Por estes dias, tivemos ocasião de ler o livro de poesia – “Grinalda de Flores de Estevas”, assinado pela poetisa Otília de Azevedo. Está(va)mos na última semana do mês de Setembro de 2021.
A obra foi dada à estampa nesse mesmo ano, e preenche 119 páginas de pura inspiração, pautada, esta, pelas reminiscências matriciais primevas, indelevelmente ligadas às origens da autora – a terra (Pinhão) e a mãe... E aqui recordámos a extraordinária pintura de Gustave Courbert, de 1866, “A Origem do Mundo”: a terra-mãe e a mãe-terra-semeada, capaz de passar o testemunho no âmbito da maratona da vida, pelo que a “daughter” de Otília é também, nestas páginas, evocação sentida.
Em poesia, não importa o sentido das palavras, mas antes o sentido das coisas. Por isso, o conceito se torna abstracção e o signo é arbítrio, distendendo-se a sua virtual ligação entre significante e significado. Assiste-se à flutuação dos referenciais conceptualizados em representações mentais furtivas, mas prenhes de contingência significativa, onde a coisa é transcendência, na apreensão da coisa mesma.
Nesta sua “Grinalda...”, Otília de Azevedo patenteia o seu realismo sofrido, bem longe de formalismos factuais, porque perora no sentido semiológico que busca assumir-se enquanto sistema essencial. E é neste quadro que a poetisa consegue ver metamorfoseada e renovada a possibilidade de elaboração do desejo inconsciente, onde o seu mito individual é passível de harmonização com o regresso ao mecanismo repetitivo dos lugares inelutavelmente desfigurados de ausência, mas de memória (nostálgica) intocável; aqui, o desejo desliza metonímico, condensando em metáfora o sintoma.
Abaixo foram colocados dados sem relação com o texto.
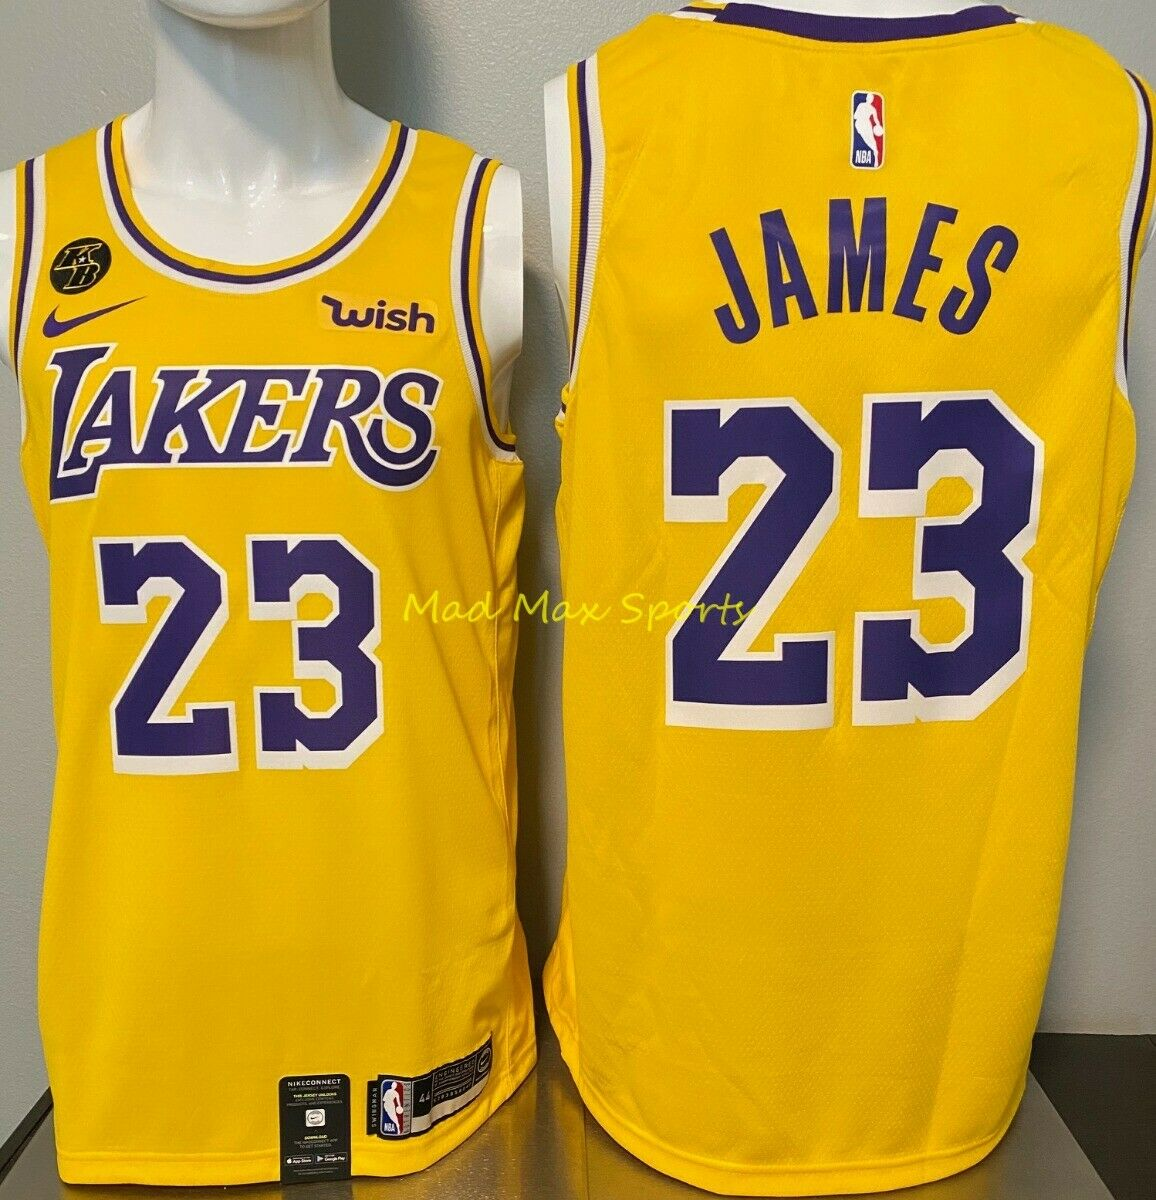 LEBRON JAMES Los Angeles LAKERS Nike WISH Gold KOBE KB Patch Swingman Jersey

Contudo, não se iluda o leitor: a desordem dos signos é meramente aparente, porque reflecte a já aludida ordem essencial, ainda que a tentativa de se acomodar a uma infra-significação, a um estado pré-semiológico possa “subverter” a própria linguagem, remetendo a poesia para o equivalente fluido (Pink Floyd ou o aprisionado Augural*) do silêncio, sensível, sem limites nem barreiras. É assim a aparente liberdade poética, sempre consubstanciada ao universo inconsciente, imaginário e simbólico de cada autor.
Gostámos muito desta “Grinalda de Flores de Estevas”, de Otília de Azevedo, e por isso cumprimentamos a autora, brindando-a com esta apreciação que acabámos de publicar no nosso Blogue.
Nota: *Ousámos rebaptizar o Douro lodacento – rio de todos os augúrios, arremedos e pantominas.